"Sexual Slavery - an Indiana Phenomenon, too"
Let me be clear: it’s great that the Courier-Journal is talking about the fact that trafficking is happening in Indiana. I’d just like us to get to a place where this is no longer a surprise.
When you say the word “trafficking,” lots of people think it’s an overseas kind of a thing. A traveling-across-national-borders kind of a thing. A dramatic kidnapping-and-drugging thing like in that (exciting to watch, but highly inaccurate) movie, Taken.
In other words, we think trafficking is a thing that only happens to other people.
I get it. Just like we all want to think that getting cancer or being struck by lightning are things that only happen to other people, we assume that trafficking only happens to other people. No one wants to think that trafficking happens right here in our own US of A, to people who are citizens of these here United States. That would mean that we’re not as strong a society as we think we are. That would mean that there’s risk for our own people right here at home.
But you know what? It does happen here.
And you know what else? The fact that we’re so loath to think it happens here is part of what makes it go unnoticed here. If you don’t think it could be happening in your neighborhood, you’re not looking for the signs in your neighborhood, so it stays hidden in your neighborhood. It’s a vicious spiral.
Don’t think you’re alone in this, though. Lots of people don’t think it could happen here. So much so, that when the TVPA (Victims of Trafficking and Violence Protection Act, or Trafficking Victims’ Protection Act) was initially enacted in 2000, it contained no protections for American victims of trafficking. Zip. Zilch. Nada. That part was added years later, and even then, there was no money appropriated for them. It was so unbelievable to us that Americans could be victimized by trafficking, that that attitude became enshrined in law.

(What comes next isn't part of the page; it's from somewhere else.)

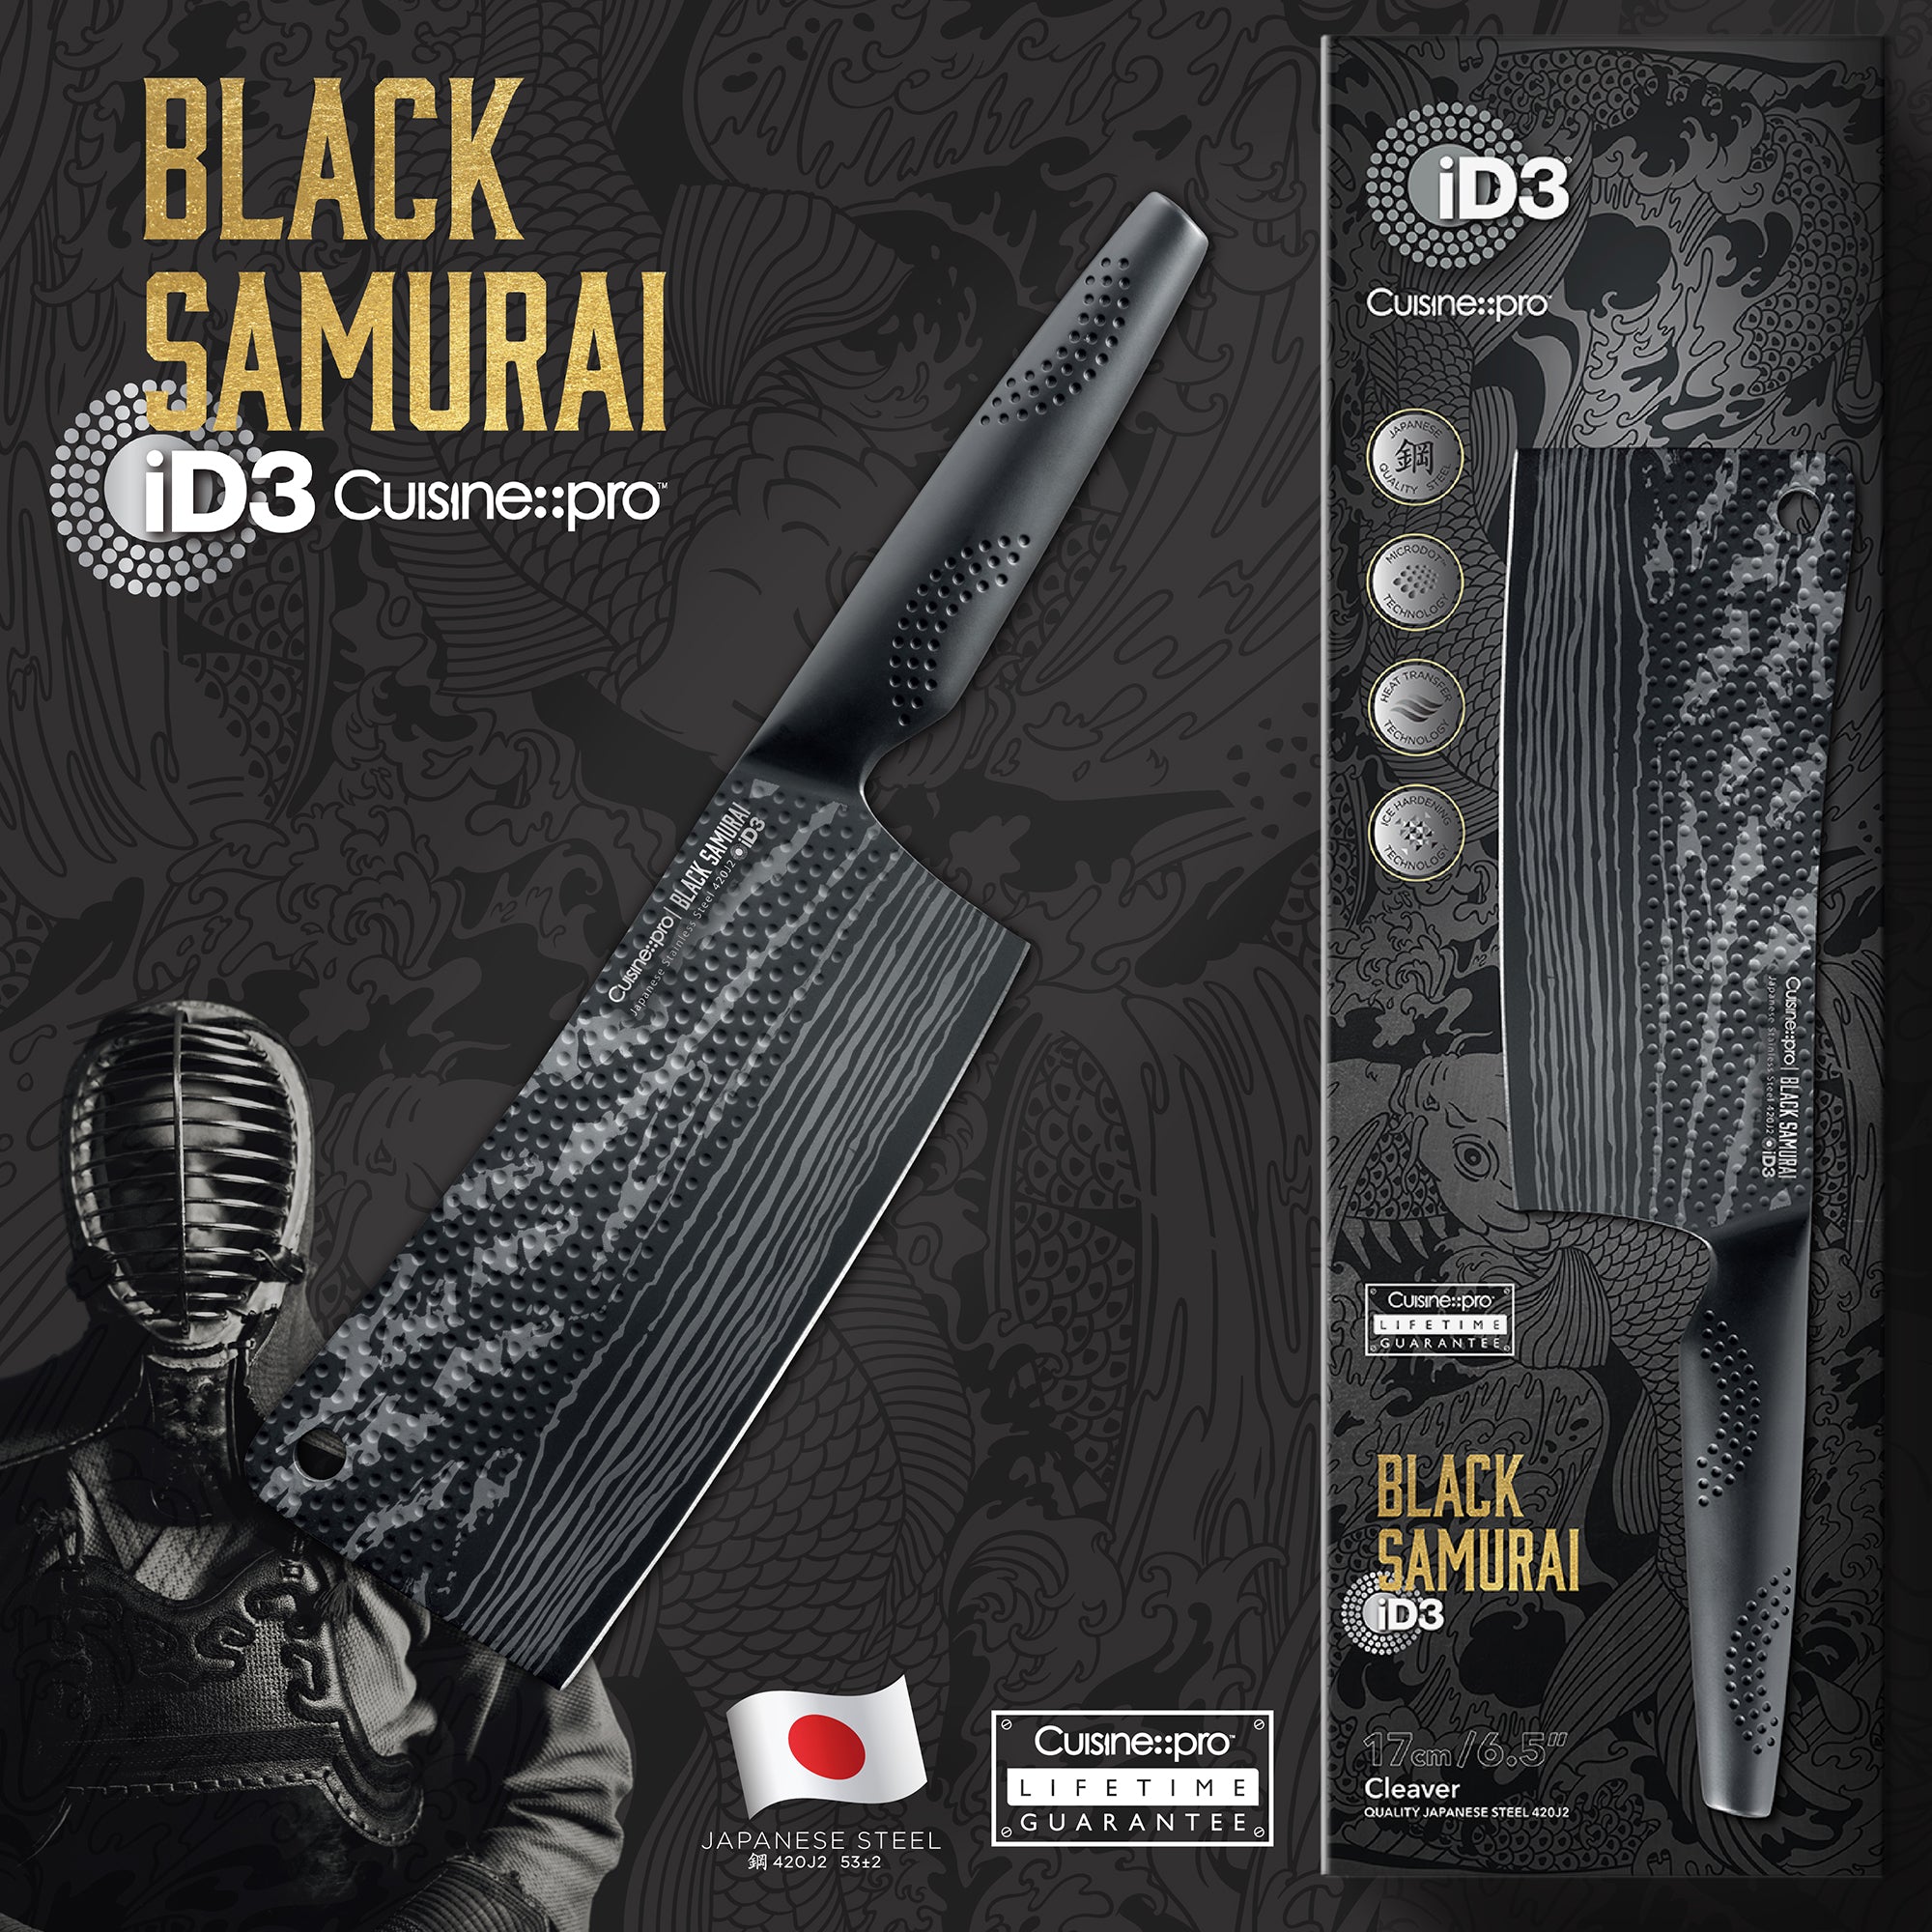 Cuisine::pro ID3 Black Samurai 6.5 in. Cleaver Knife

And while we’re at it, lots of people think that sex trafficking only happens to women and girls. It doesn’t. It happens to people all over the spectrum of sexual and gender identity. Male, female, transgender, cis, hetero, LGBTQQIA – you name it. It’s not about identity or sexuality. It’s about power and vulnerability. And money.

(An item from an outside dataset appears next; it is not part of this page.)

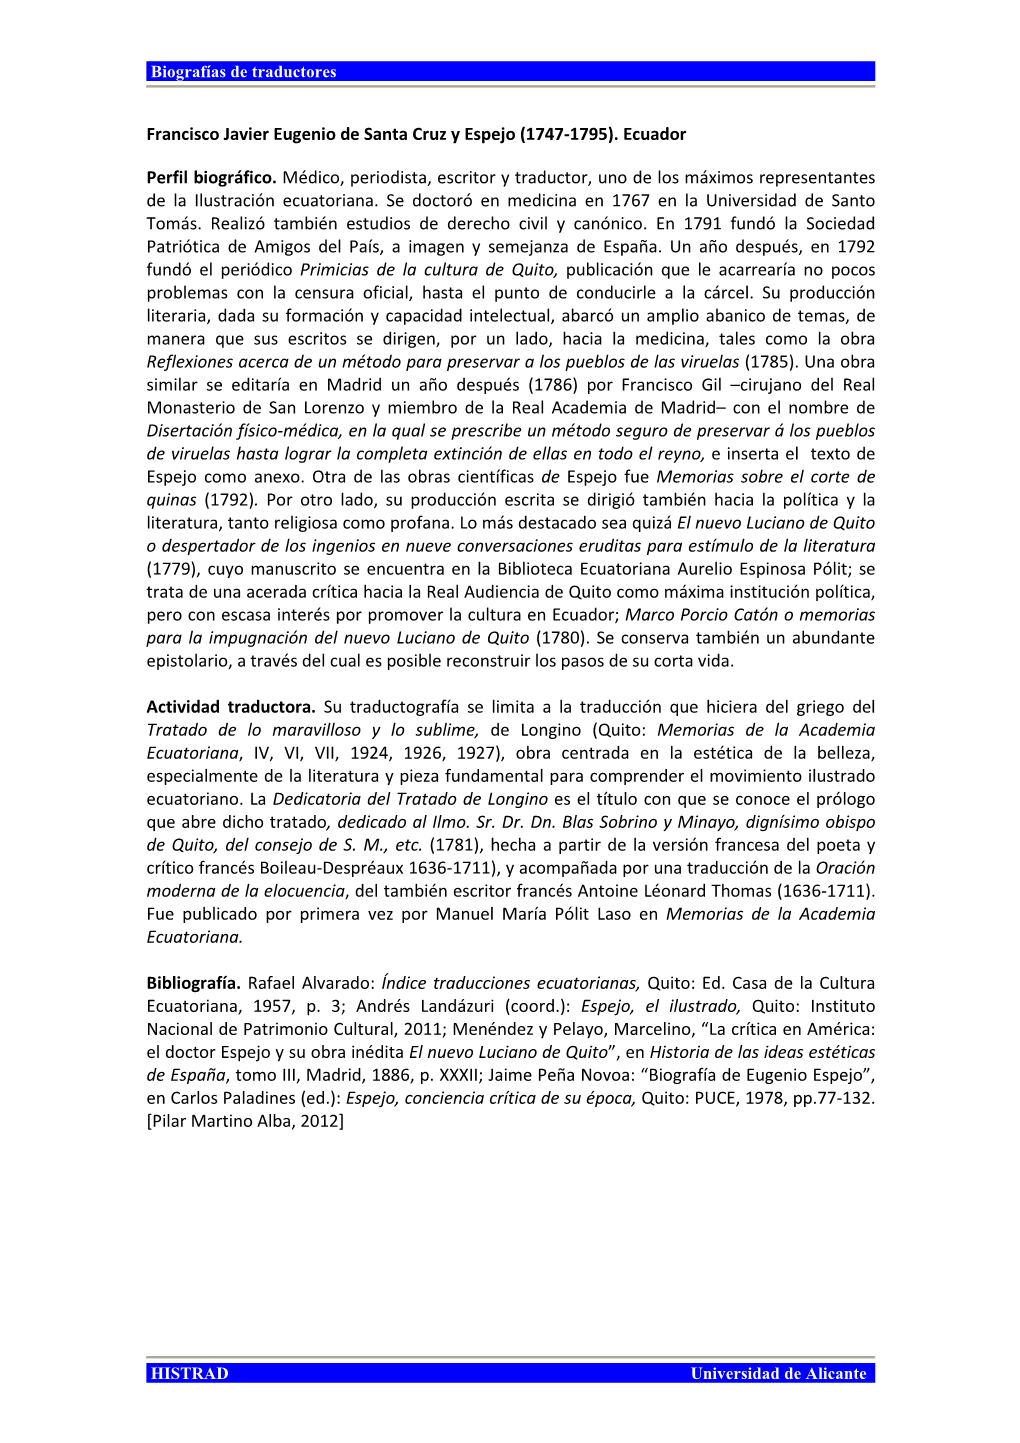 Eugenio Espejo”, En Carlos Paladines (Ed.): Espejo, Conciencia Crítica De Su Época, Quito: PUCE, 1978, Pp.77-132

So what can we do about it?
Start noticing. Start recognizing that words like “pimp,” “forced prostitution,” and “underage prostitution” are just other words for trafficking. (Yes, even when “pimp” is used in a song. Listen to those lyrics.) Start recognizing that power dynamics aren't black and white, and a situation that seemed innocent at first (like that mall security guard who’s really nice to the teenage girls) doesn't always stay that way.
Also, look out for opportunities to get info. One good opportunity to learn, talk to people, and get info about trafficking is coming up in the form of the DC Stop Modern Slavery Walkfest on Saturday, October 4th. Come walk with us, get your friends to sponsor our team, stop by the resource tables, and hear some great speakers (including our own Tina Frundt).
Most of all, stop being surprised. Stop letting your friends and family be surprised. Know that it can and does happen here. This isn't just a thing that happens in the movies, and it’s definitely not a thing that only happens to other people. And the more people who know what to look for, the more people we’re able to help.
This really shouldn't be surprising anymore, so let’s make it known.